> [The data]:
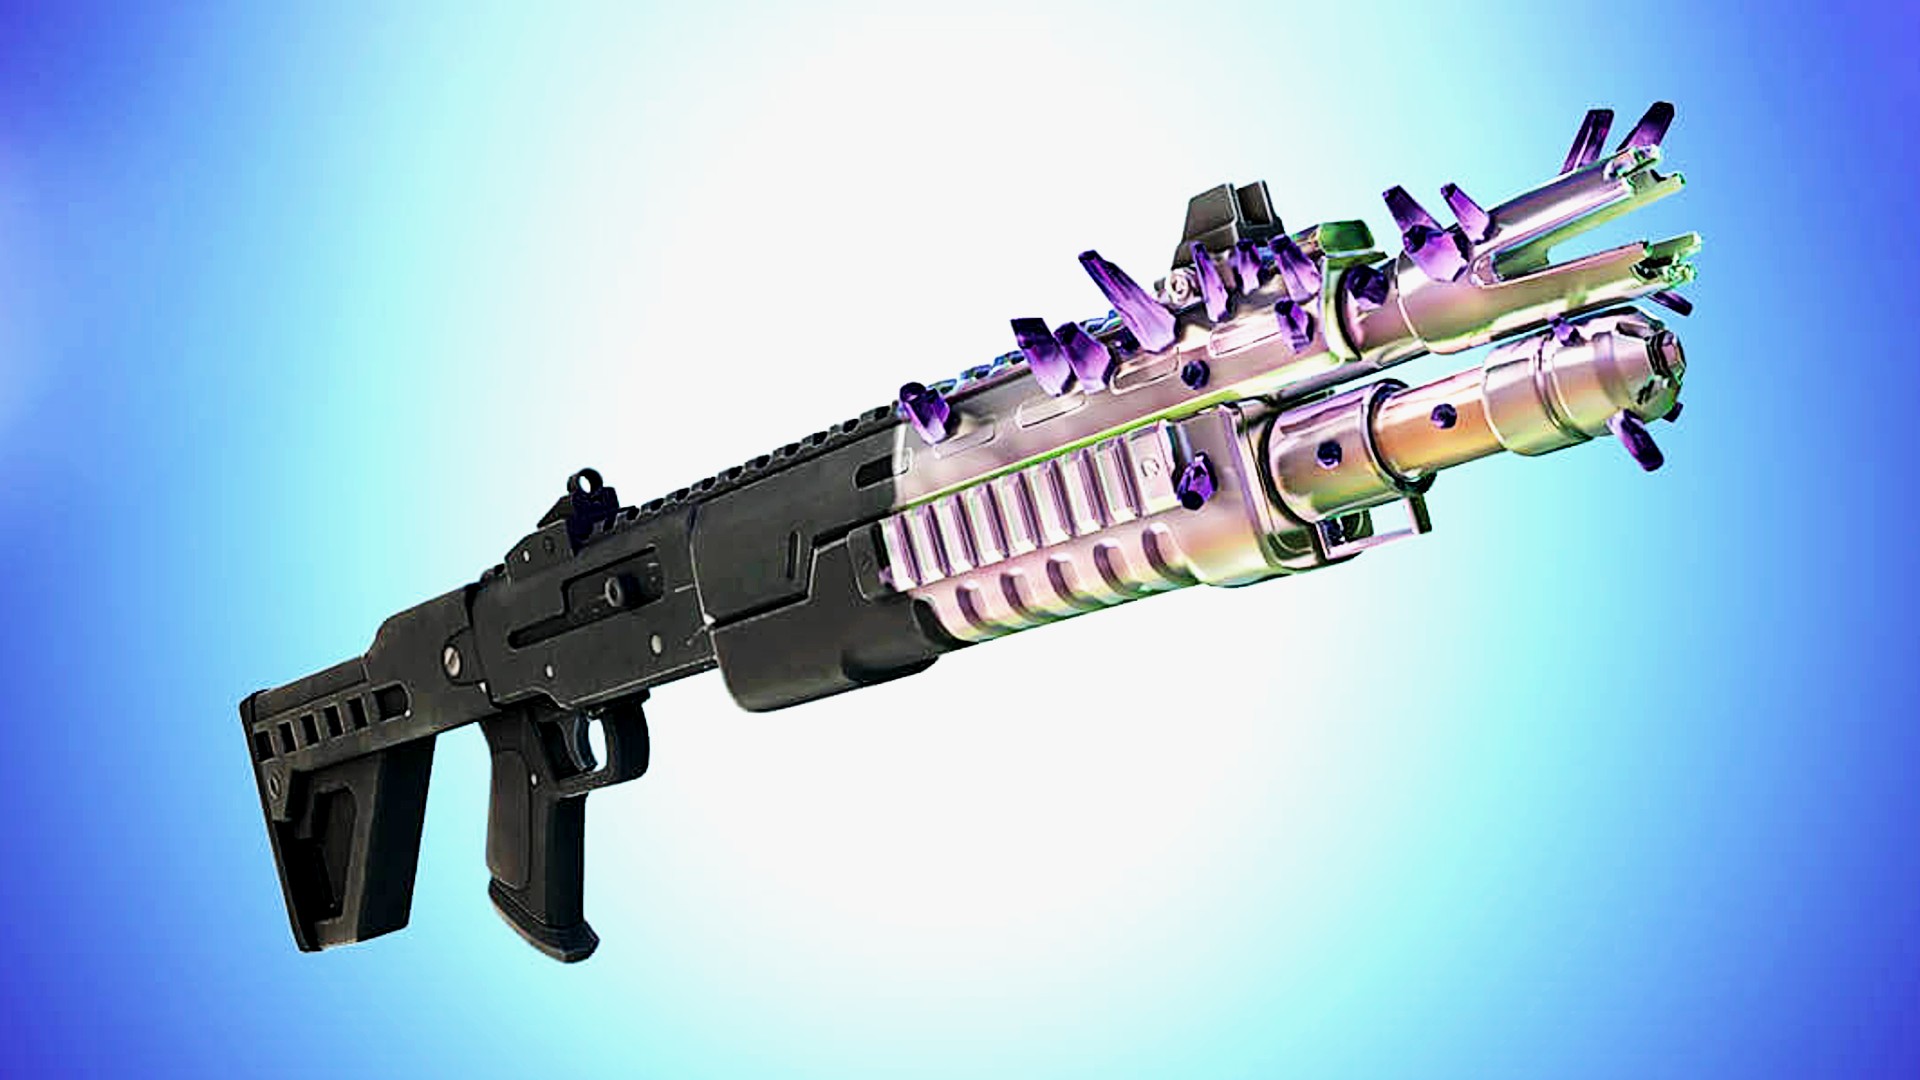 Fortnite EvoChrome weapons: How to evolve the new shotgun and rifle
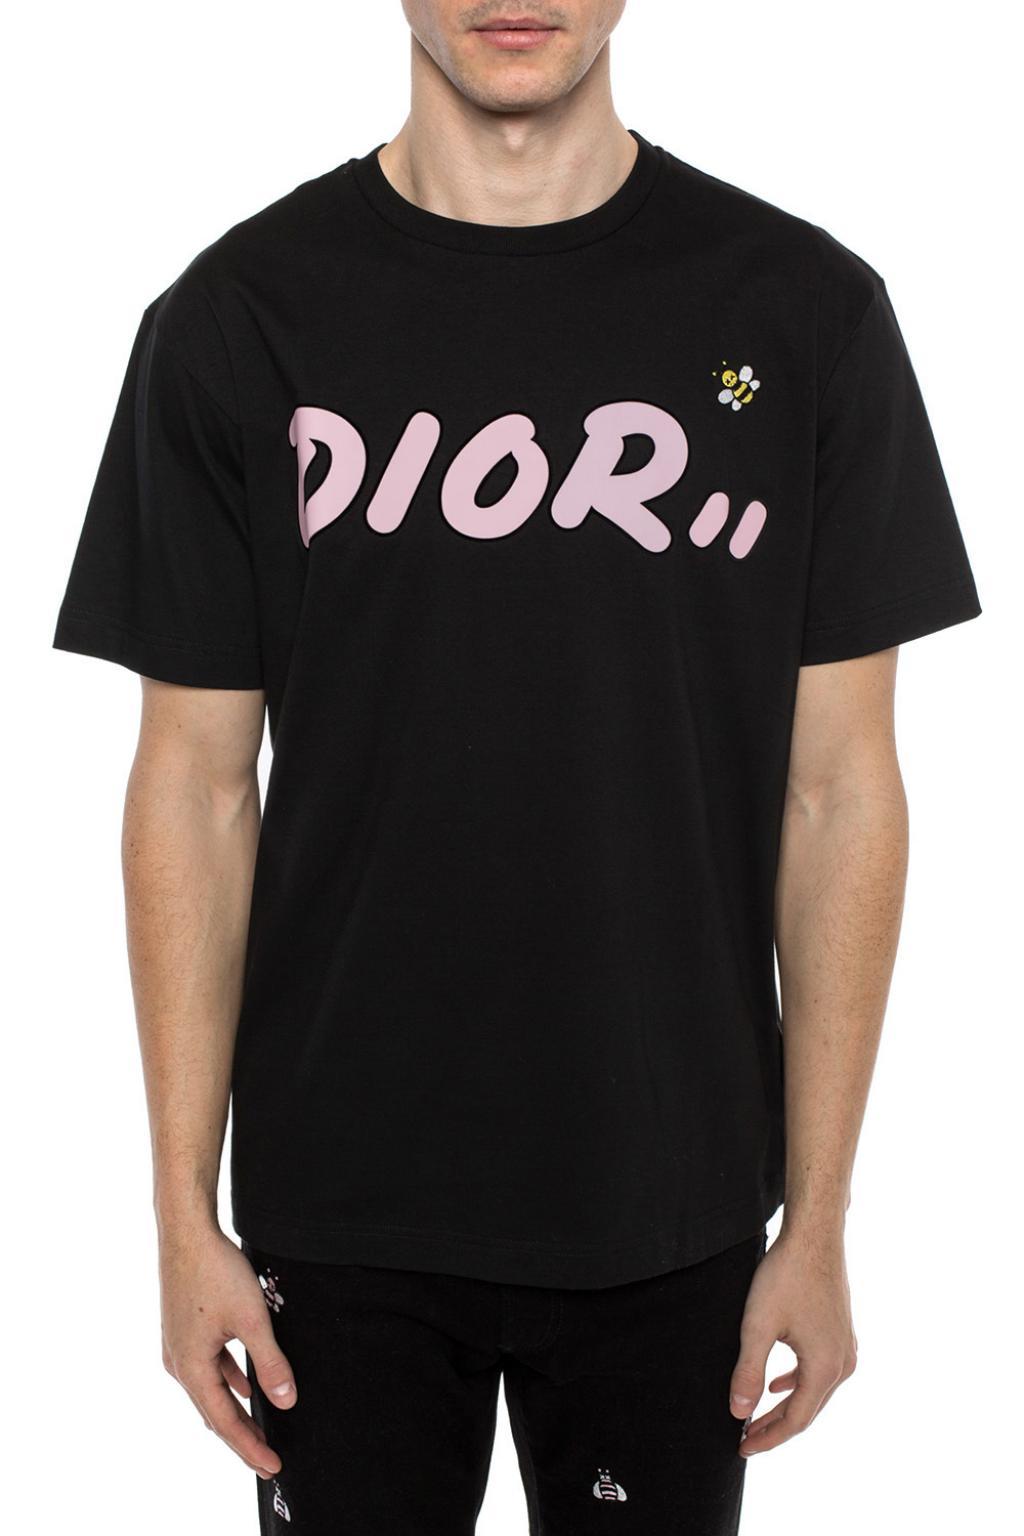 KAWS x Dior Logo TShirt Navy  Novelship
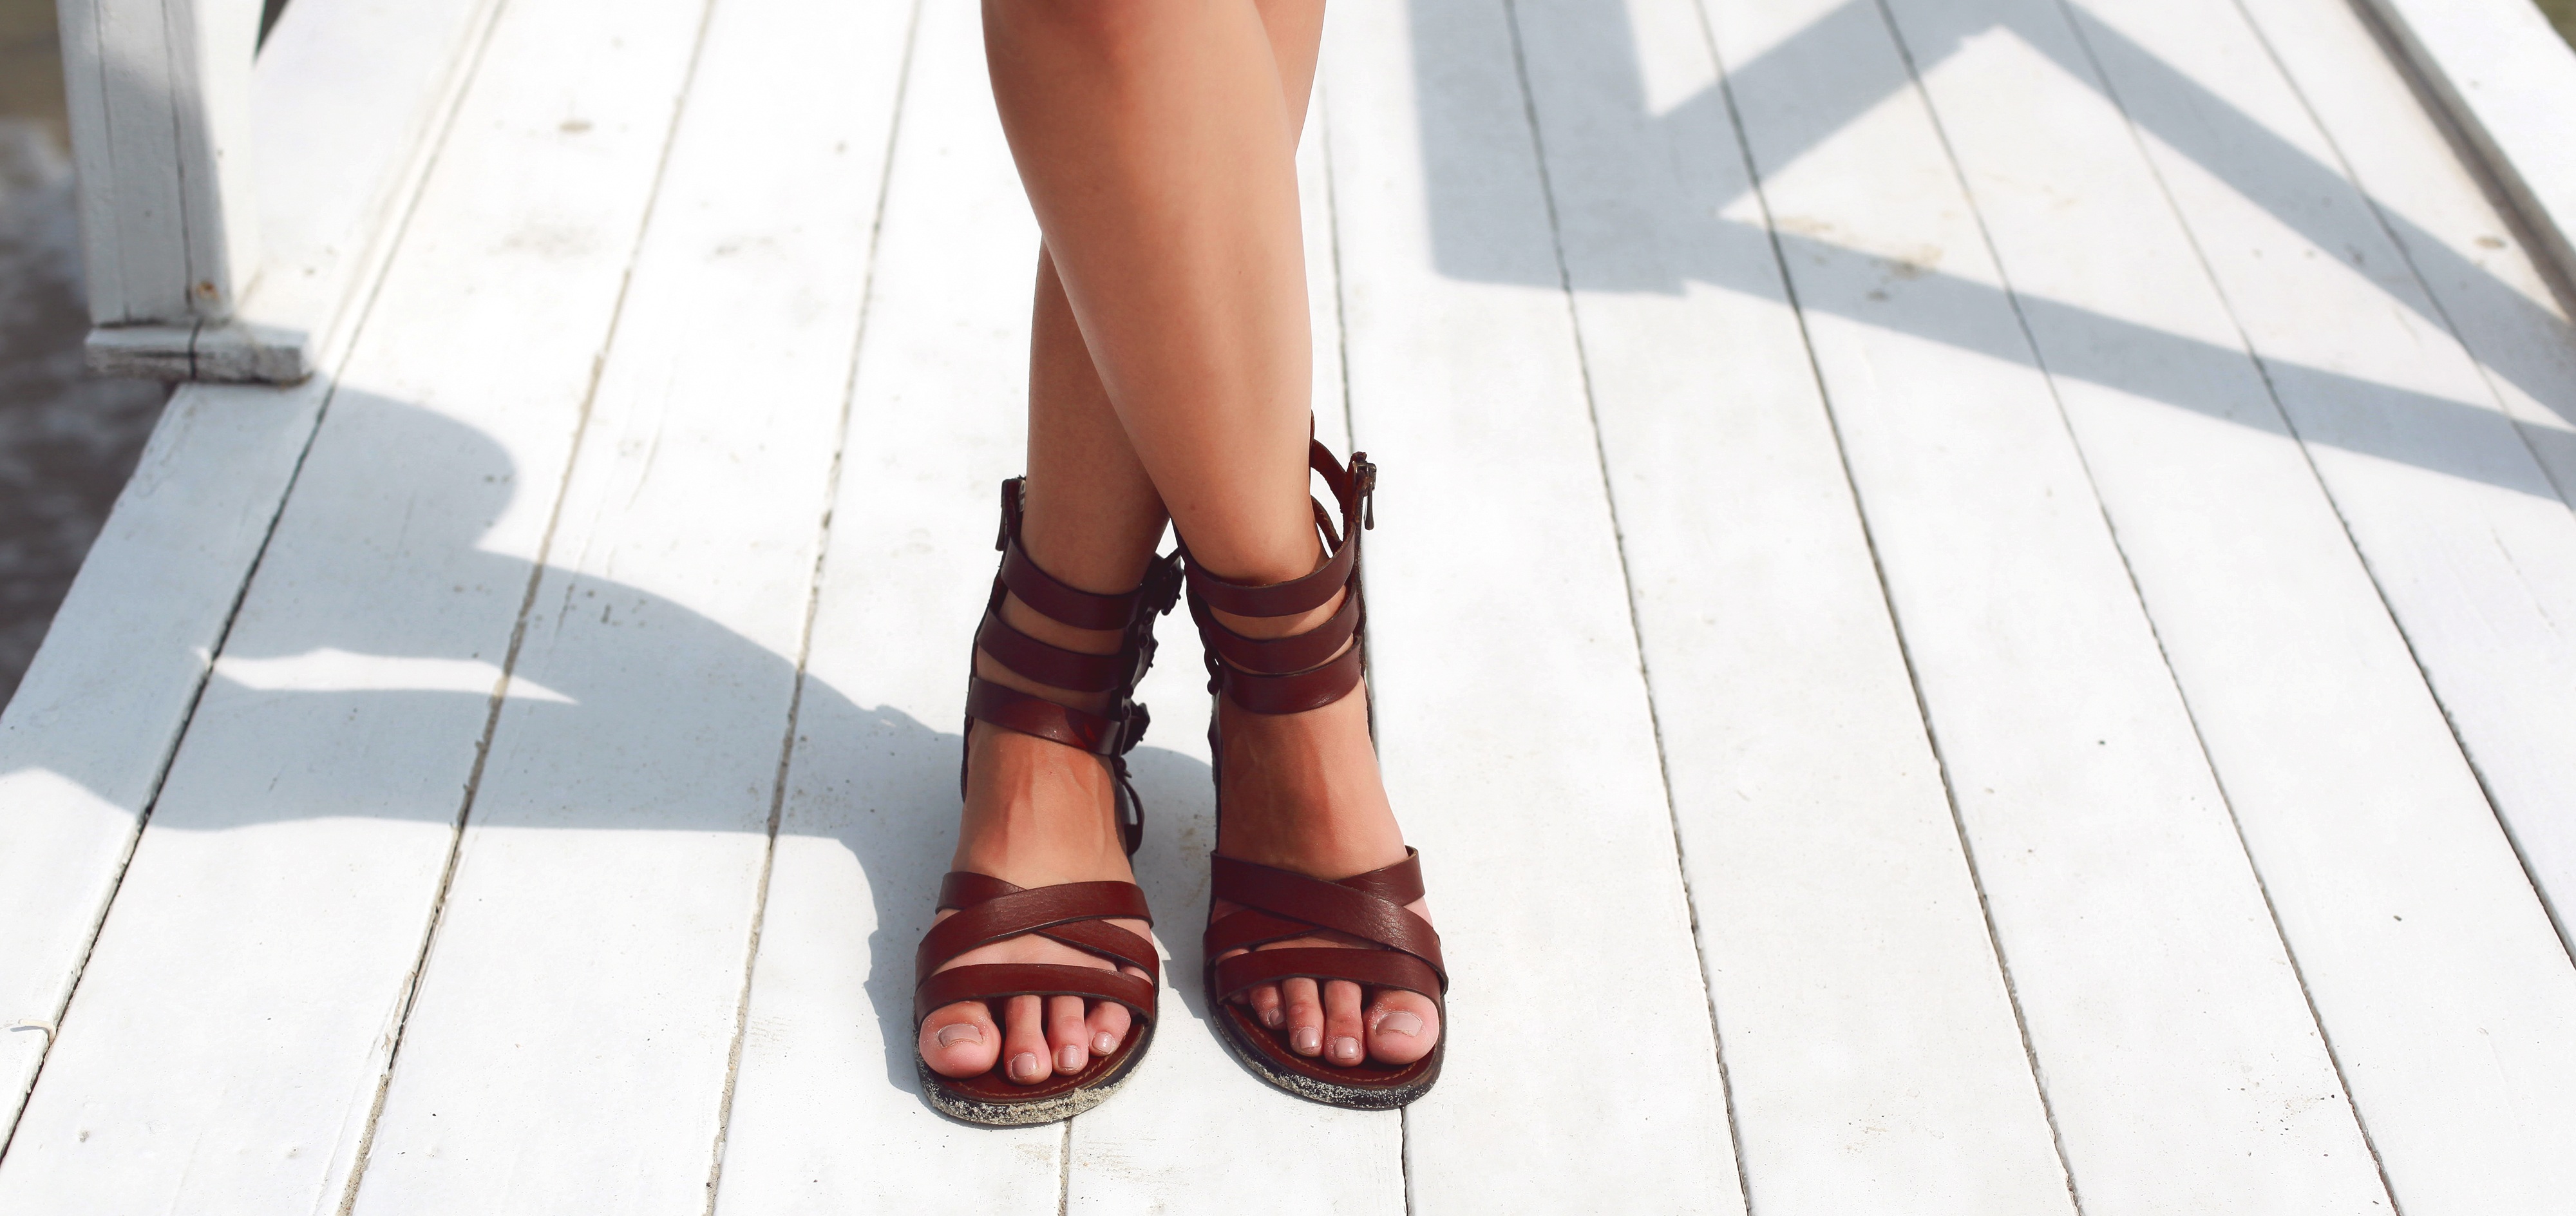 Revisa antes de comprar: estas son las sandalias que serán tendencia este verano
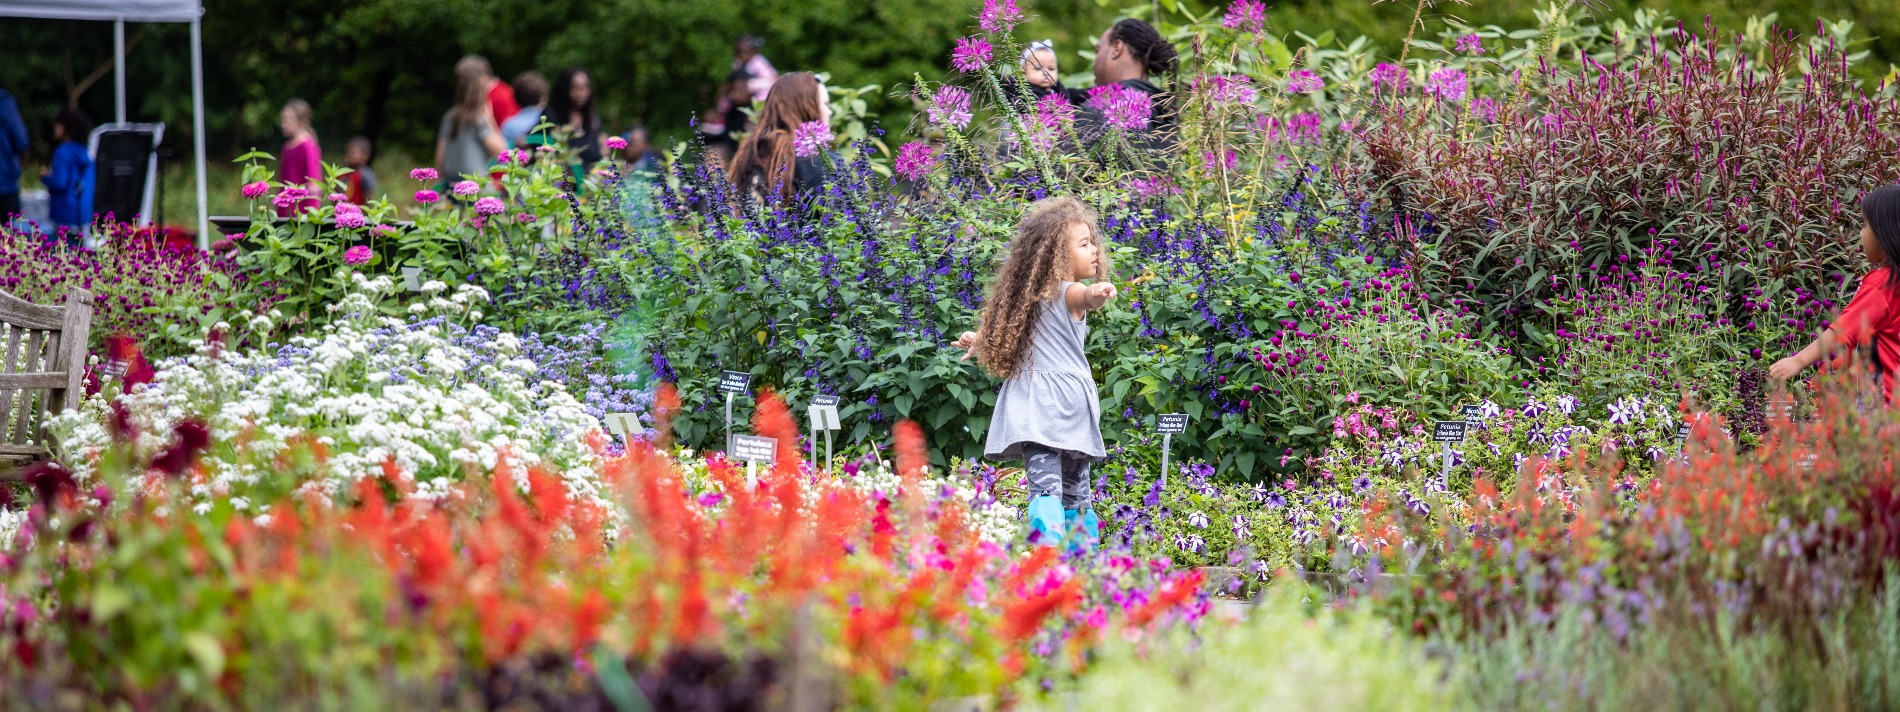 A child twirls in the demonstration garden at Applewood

> [Problem]:
Pictures aside, reproduce all of the material above without alteration.

> [Exercise solution]:
 Fortnite EvoChrome weapons: How to evolve the new shotgun and rifle
 KAWS x Dior Logo TShirt Navy  Novelship
 Revisa antes de comprar: estas son las sandalias que serán tendencia este verano
 A child twirls in the demonstration garden at Applewood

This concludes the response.